The Courage to be Disliked
I got this as an audiobook and…. as a psychiatrist listening to this… I found this annoying and a reminder of why I don’t like so-called “self help” books but to its credit, it doesn’t claim to be able to solve your problems or take a how-to approach and at its core, its message is that you need to do the work if you want to figure out what you want and how to find happiness.
It’s mostly based on the work of Alfred Adler who was a psychiatrist and psychotherapist in the era of Freud and Jung. It takes the stance that we have agency to determine our future without it being solely determined by our past; an effort to try and get you to stop holding onto the past as an excuse or a limitation you place on yourself.
It also takes an interpersonal focus where it sees all problems are relationship problems which is a not dissimilar premise to interpersonal therapy which is evidence based in depression, anxiety and eating disorders among some other mental disorders.
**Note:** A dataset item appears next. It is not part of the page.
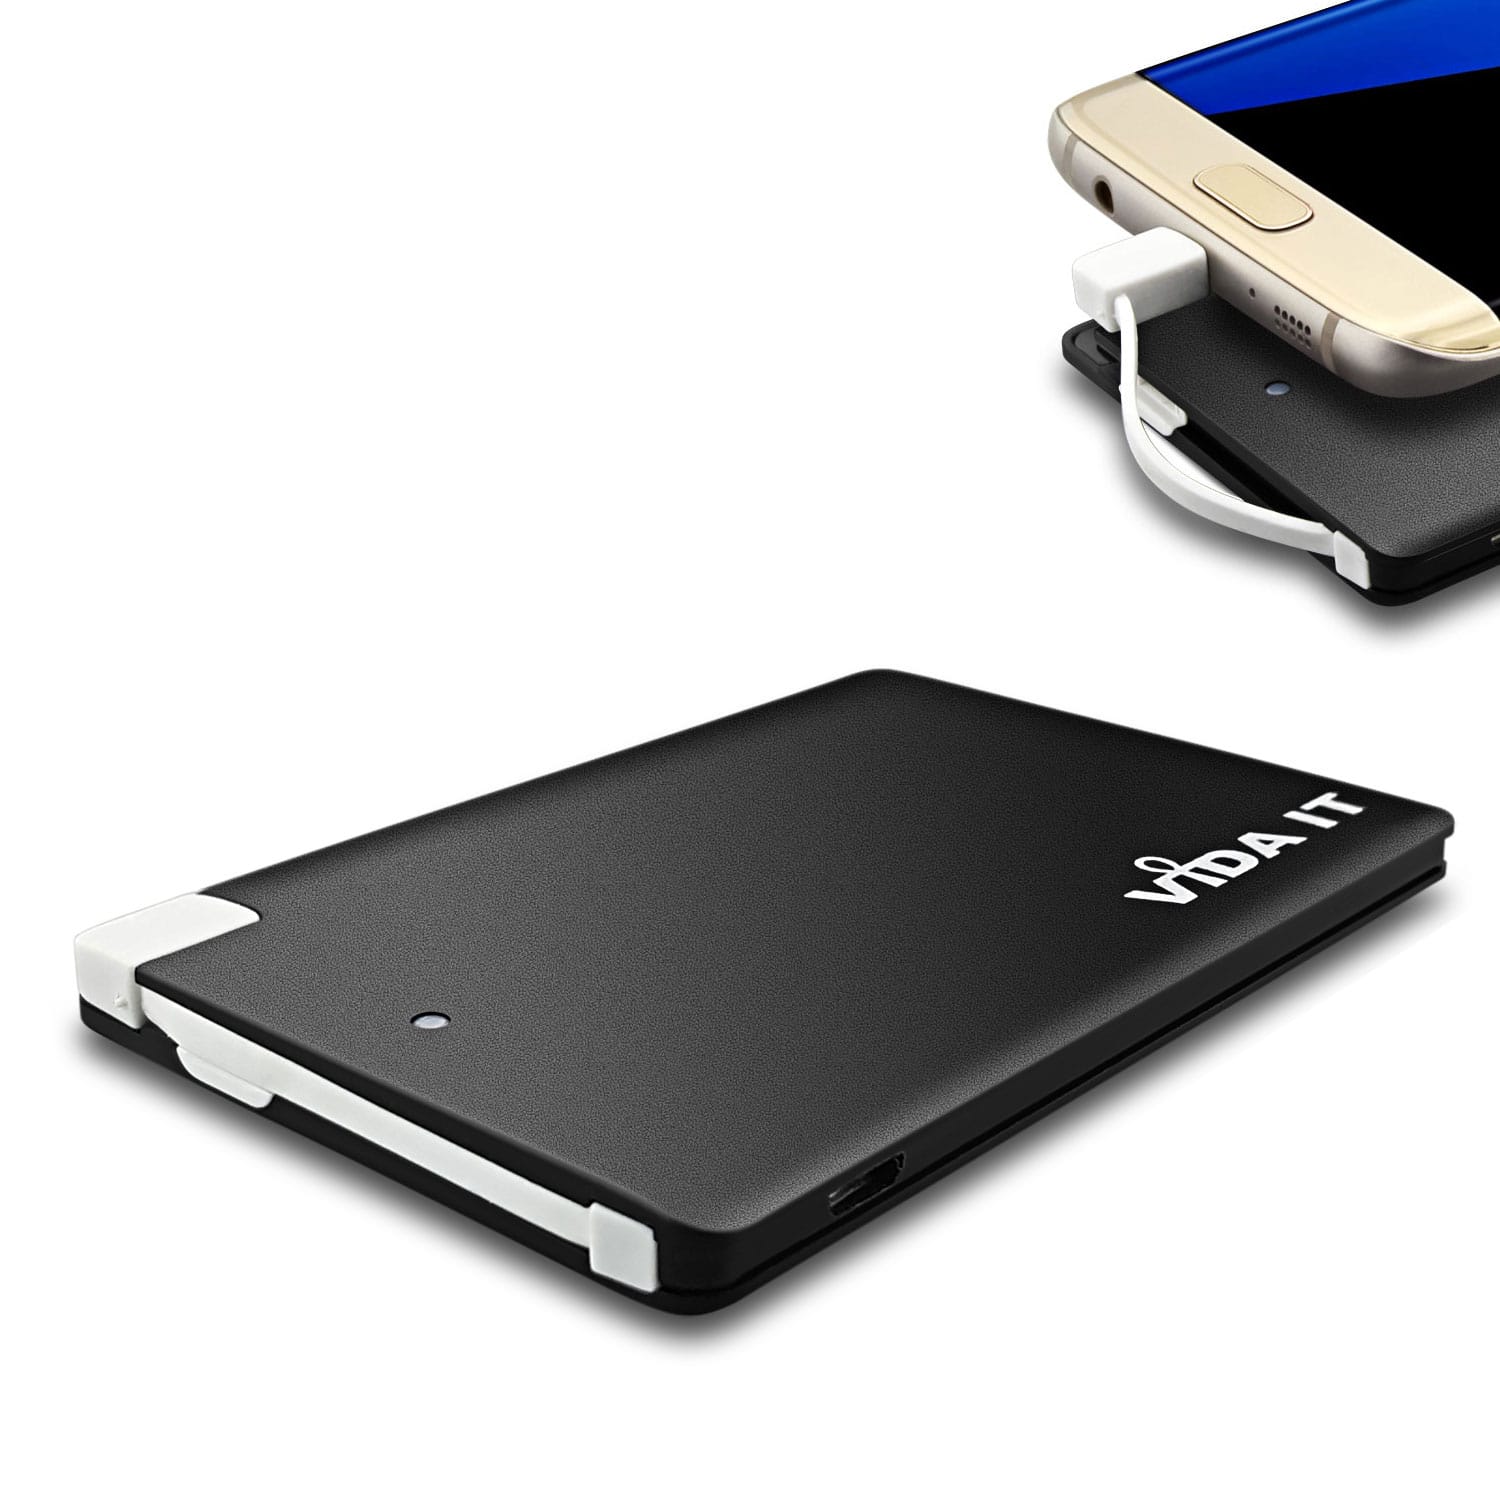 Vida IT VP5 USB 5 Ports Desktop Charging Hub 40W Black (UK or EU Plug) -  Vida Electronics

It goes on to talk about how if we learn to love ourselves the we can find our place within a community (if you can’t love yourself etc).
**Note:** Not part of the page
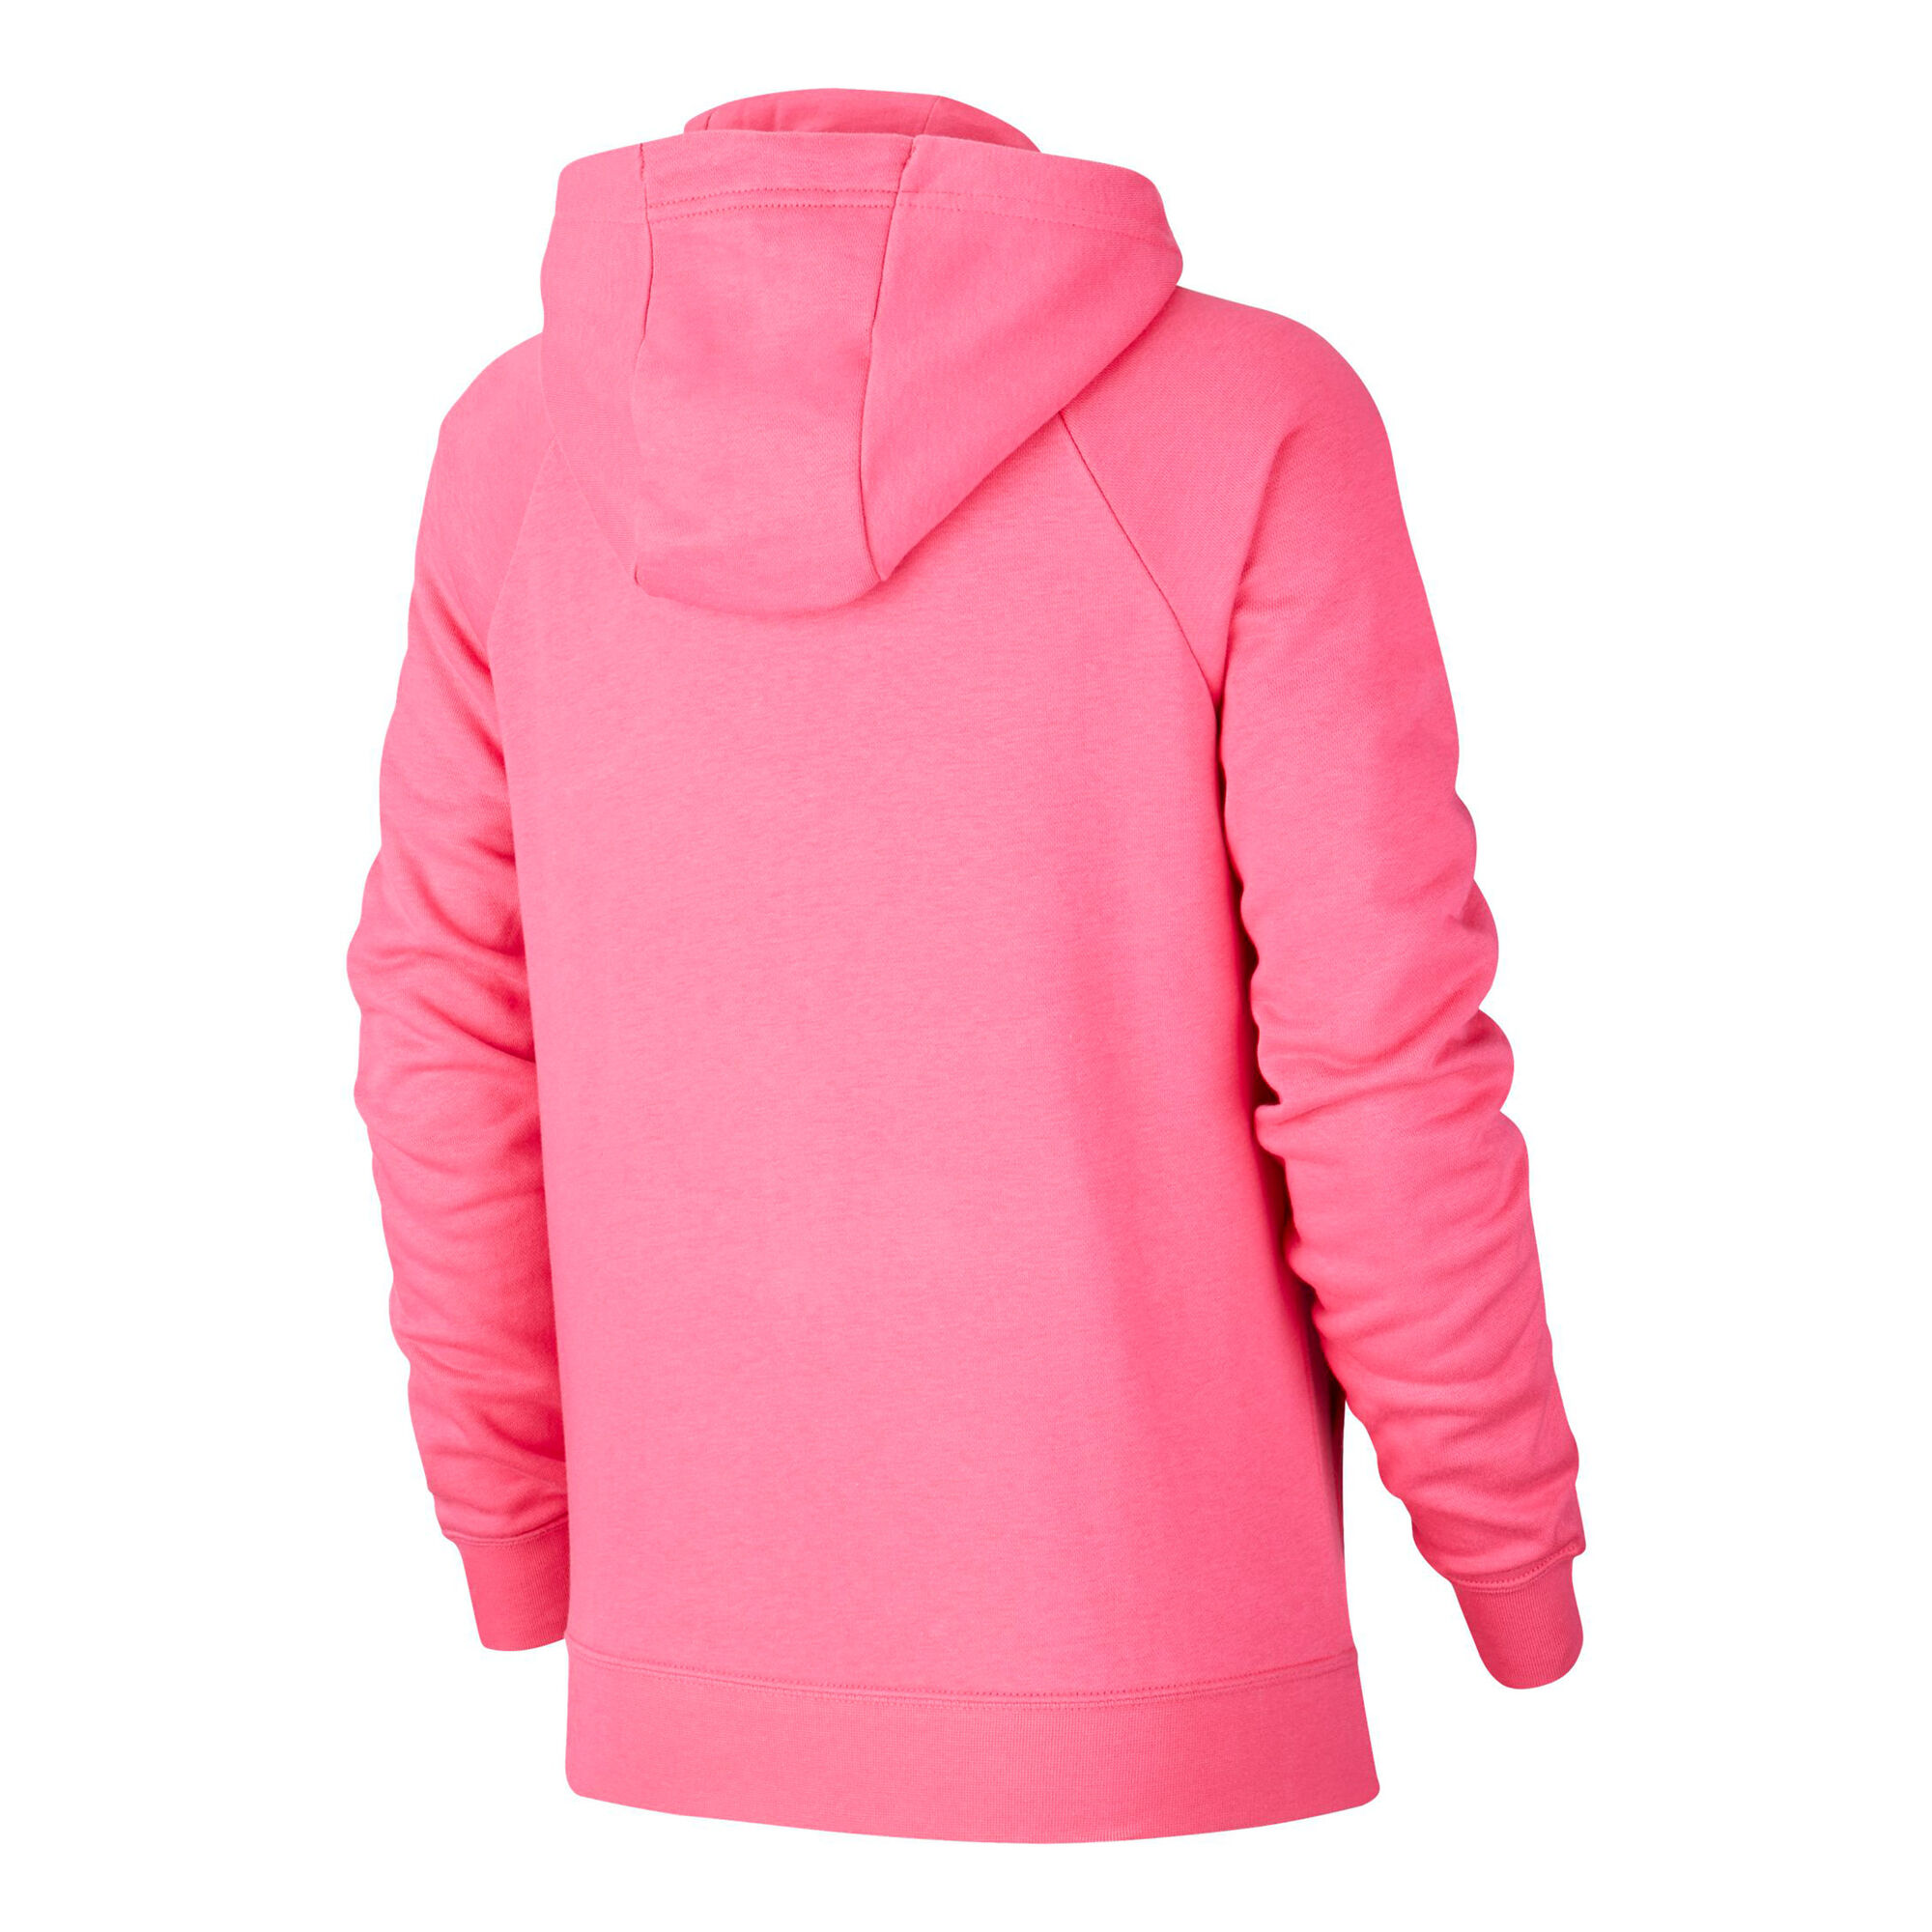 Buy Nike Sportswear Essential Women Pink, White online | Tennis Point UK

However, I also found it wrong and problematic on many fronts, because when you allude to people’s future being entirely within your control then you start blaming people for their own unhappiness. As a psychiatrist I come from the perspective of working with people with mental illness and it basically blames people for their own sadness, their own anxiety, for not “letting go” of their own trauma or even questioning the existence of trauma.
So no. Not for me. Next!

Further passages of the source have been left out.